While the scaffolds helped break down barriers between professional groups, they created new, albeit temporary, affinity groups to some extent, triggering competition between the teams, which the staff referred to as "the pod wars." No one wanted to be stuck in the slowest pod, and other pods didn't tend to help you out if yours was bogged down, the staff interviews revealed. "People were only affiliated with their pod for four or eight hours, and despite how temporary their team memberships were, they were still competitive with one another," says Valentine, who after earning her PhD from Harvard in 2013 joined Stanford University as an assistant professor of management science and engineering.

Valentine says one caveat of the quantitative improvement is that the hospital was not performing as well as its peers before the redesign. Although not every workplace will see such dramatic improvement, the research shows how powerful a tool grouping people deliberately, even if temporary, can be for managers. In other research, Valentine studied four other hospitals that implemented team scaffolds in their emergency departments with less success, which is the basis for an upcoming paper. The city hospital in the joint research with Edmondson had a robust change process, getting a lot of input from staff and buy-in, and used a pilot pod to train staff. One other hospital had a decent change process and bounded groups, but did not assign the pod ultimate responsibility for the patient flow, which hampered the pod acting as a team, Valentine says.

While a hospital may be a natural setting for team scaffolds, Edmondson and Valentine see other applicable sites.

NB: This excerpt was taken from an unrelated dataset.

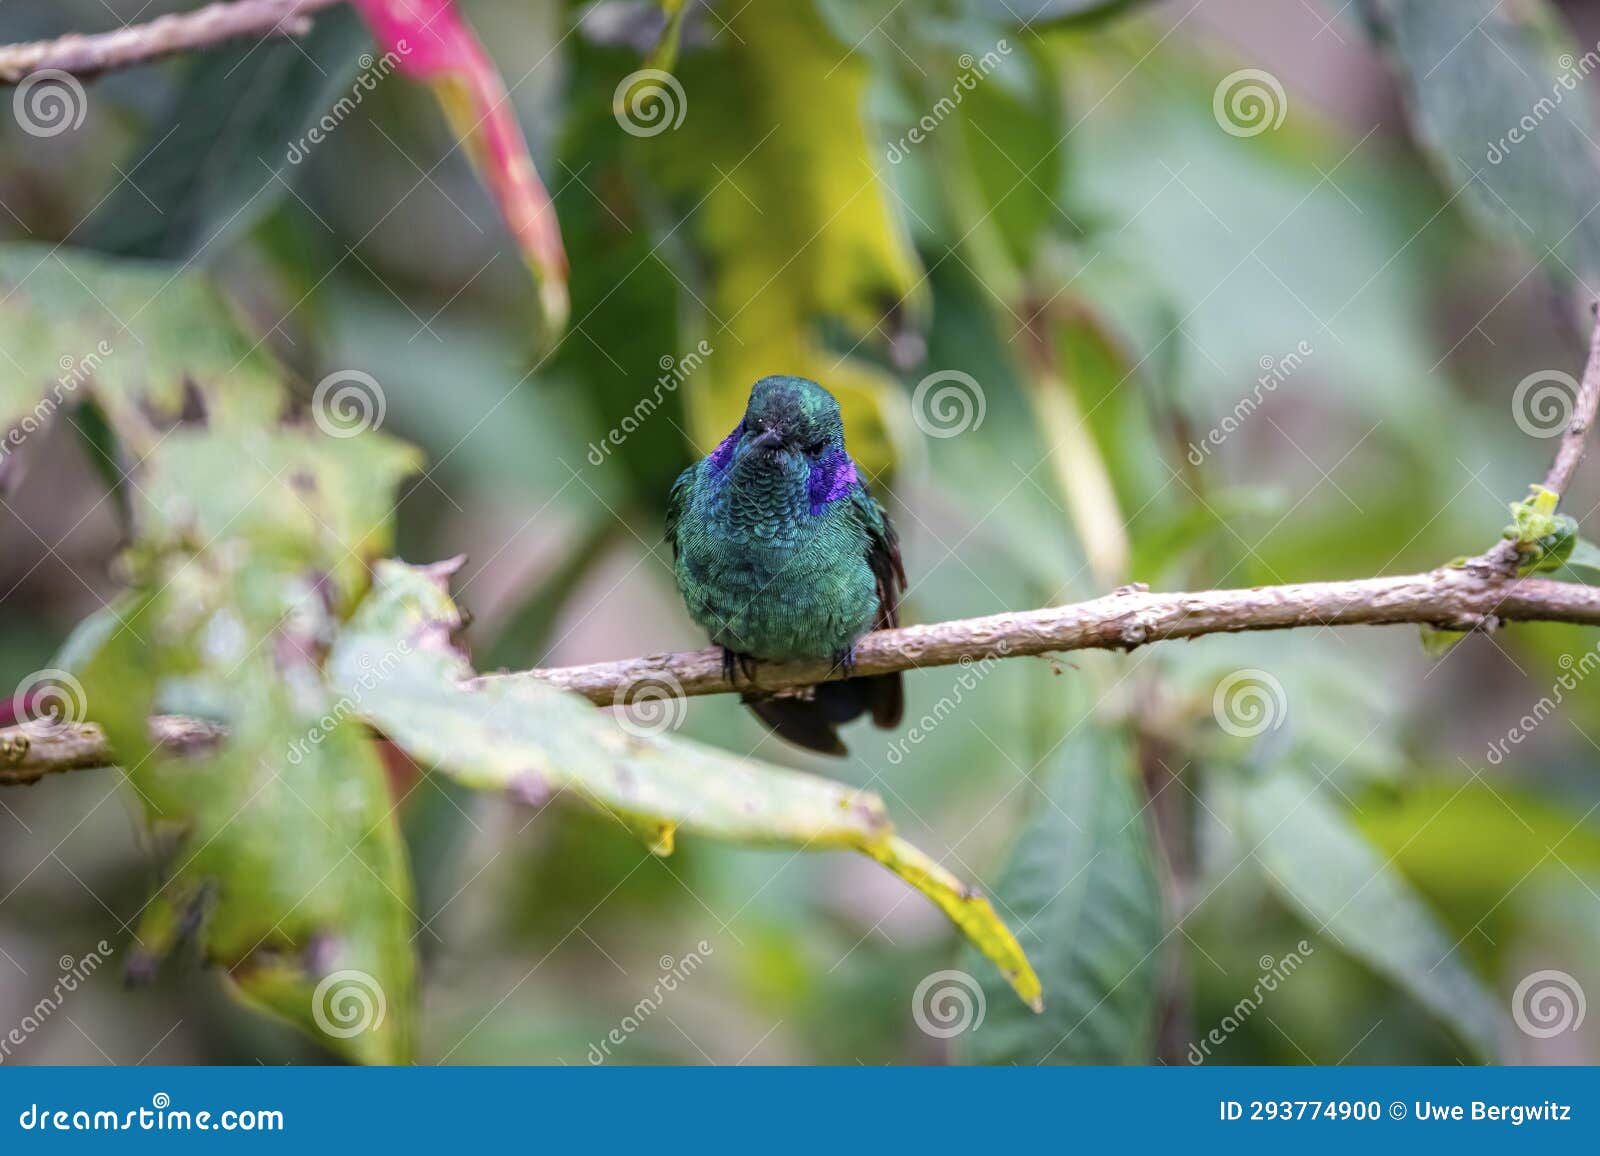 close-up of a green violet-ear hummingbird (colibri thalassinus) perched on tiny branch, facing camera,

Many large, global companies are trying to enable better lateral coordination to solve client issues more efficiently. "Just the designation that you're part of this temporary group can eliminate some of those bureaucratic layers where the coordination between people laterally is harder than it needs to be," Edmondson says.

Valentine was one of the authors of a Stanford paper on crowdsourcing teams to handle more complex projects, applying many of the ideas of team scaffolds. She has also incorporated the research into one of her courses, with students creating e-books in 48 hours through crowdsourcing on a team scaffold platform. While the hospital's pod members were physically in the same area, Valentine notes that co-location can be virtual in the case of crowdsourcing, using chat rooms, shared folders, or shared websites.

"There's more complex work that really requires this teaming on the fly, and the social technologies make it more possible to find and coordinate with each other," Edmondson says.